For six days a week, seven hours a day, Victor Pilon is moving 50 tonnes of sand from one pile to another – and it’s mesmerizing

KATE TAYLOR Sisyphe continues through Oct. 27, from noon to 7 p.m. daily except Mondays, at the Olympic Stadium in Montreal. Admission is free with proof of vaccination, but donors will receive a small bag of sand after the run is complete.

The Olympic Stadium in Montreal was holding a job fair last week. And a COVID-19 vaccination clinic. And, in the East Hall, a man was moving 50 tonnes of sand from one big pile to another.

In short, there are different ways of finding direction in life.

For performance artist Victor Pilon, his current mission is to continually shift the sand for 30 days, working seven hours a day, six days a week.

Last Saturday, at the halfway mark in his marathon, he had moved 177 tonnes, walking an estimated 450,000 steps or 360 kilometres between his two piles. When I was watching him the day before, the pile from which he was shovelling was down to tabletop height and had a circumference about the size of a Mini Cooper; the pile to which he was adding was well above his head – which made the job onerous – and was about the size of a large SUV.

Although Mr. Pilon’s project is definitely absurdist in its inspiration, there is nothing casual about it. The artist is inspired by the myth of the Greek hero Sisyphus, who had displeased the gods and was sentenced to perpetually push a boulder uphill; each time he reached the summit, it would topple back under its own weight.

For this month-long performance, which Mr. Pilon entitles Sisyphe, the artist is interested in the interpretation of the myth by the French novelist and existentialist philosopher Albert Camus. The writer argued Sisyphus was the ultimate absurdist hero because his challenge was to find purpose in a useless task. Camus imagined that, at the top of the hill, before the stone rolled back down, Sisyphus found happiness.

Mr. Pilon stages his Sisyphean task with high drama. The hall, where spectators gather quietly on well-spaced benches, is shrouded in darkness except for the illuminated centre where Mr. Pilon works. The Montreal band

Meanwhile, the silent Mr. Pilon shovels as though enacting an ancient ritual, slowly and methodically, pausing for emphasis, sometimes completing an extra lap around his largest pile, tidying fallen sand with a rake or, in his most visually powerful gesture, throwing a spadeful of swirling sand up into the spotlight.

He also carves shapes in the pile with the spade, as though creating miniature cliffs, paths and landscapes.

Occasionally, he extends his spade to a spectator, inviting them to come into his circle and help. In the period I watched, he tried this twice, both times, as it happened, with middle-aged women who scooped up a feeble half-full spade and plopped it low down on the pile. Apparently, a man in the audience felt, as I did, that this was not sufficiently helpful to a fellow human who had tonnes more to move. This spectator stepped forward voluntarily and moved two solid shovels’ worth before Mr. Pilon took back the tool, staring quietly but deliberately into his helper’s face – as he did each time he ended these small moments of audience participation.
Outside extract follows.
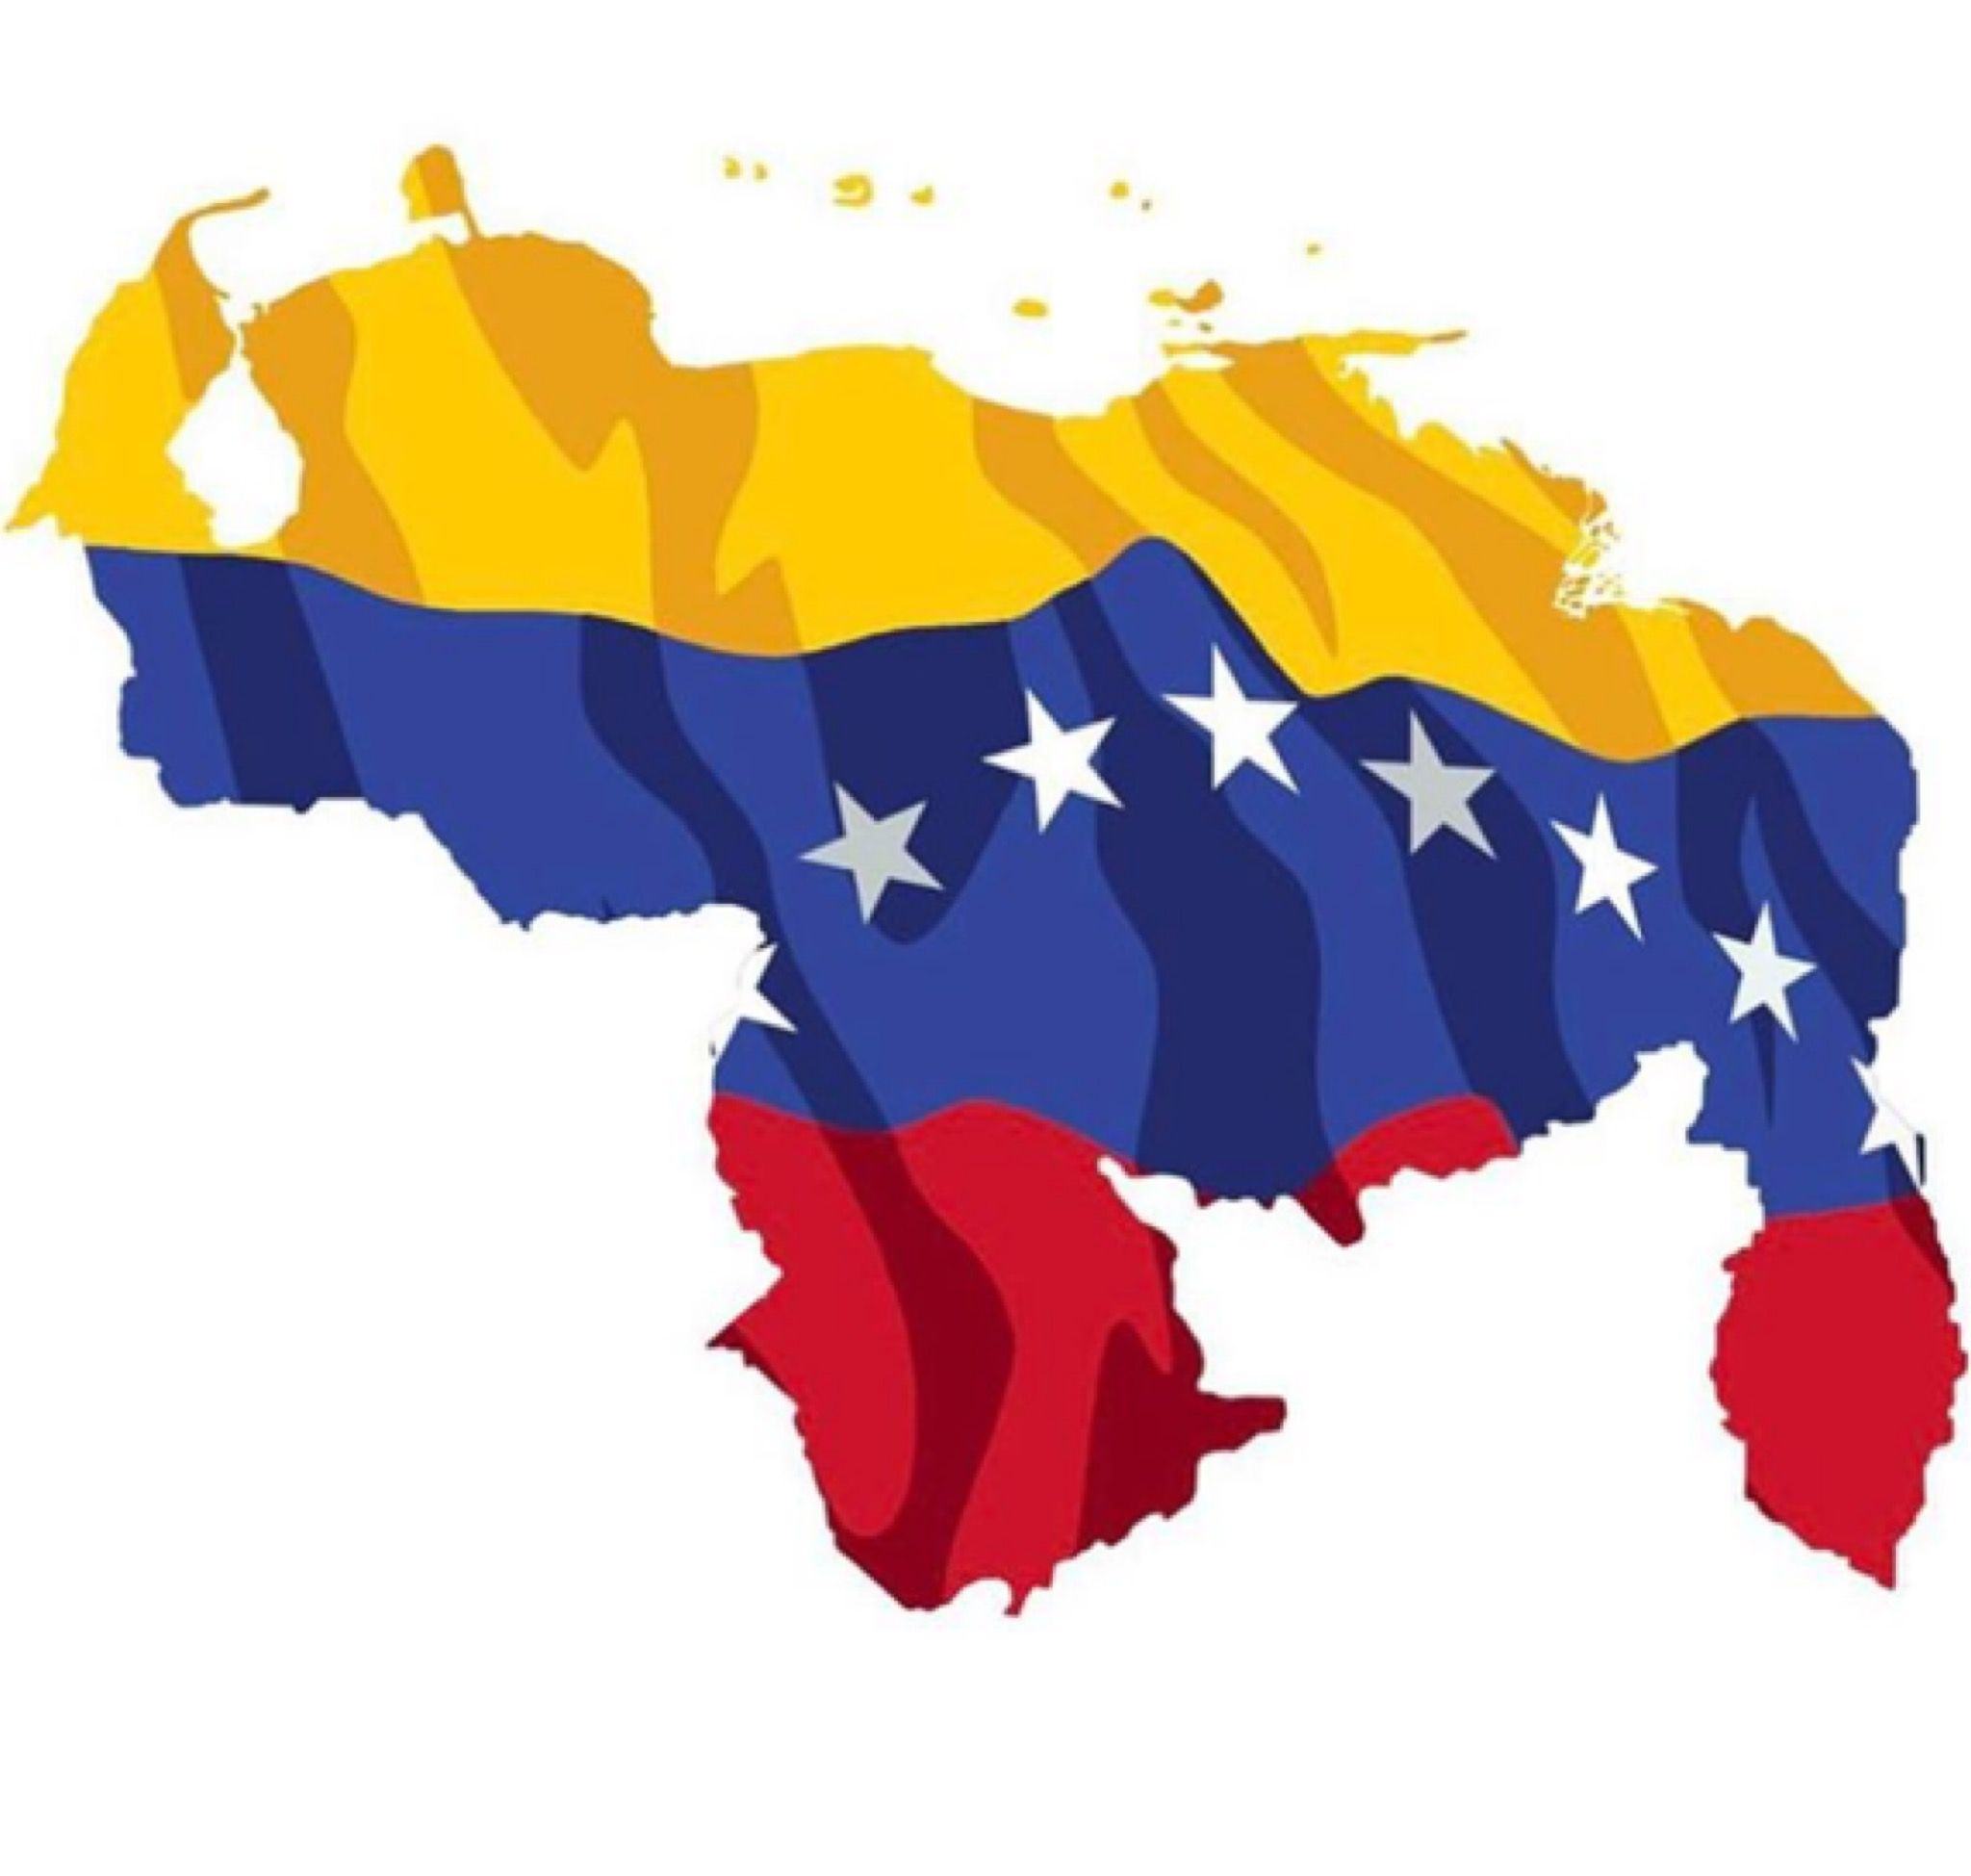 2048x1949 marybettandrade | Bandera de venezuela imagen, Venezuela, Bandera de venezuela

It occurred to me that in a more casual, less ritualized setting, people might have felt comfortable to roll up their sleeves and get digging. Mr. Pilon has been working on the concept for several years, motivated by his bereavement after his partner was killed in a 2017 car accident, but staging it during the pandemic does make one central question all the more pressing: Is the shovelling the performer’s solo burden or should the community pitch in?

The piece has some of the aesthetic calm of a Japanese rock garden, where raking the gravel is ritualized, but also harks back to the heyday of body art in the 1970s. In that work, artists enacted physically painful or hugely lengthy performances as though to make literal the notion that one must suffer for one’s art.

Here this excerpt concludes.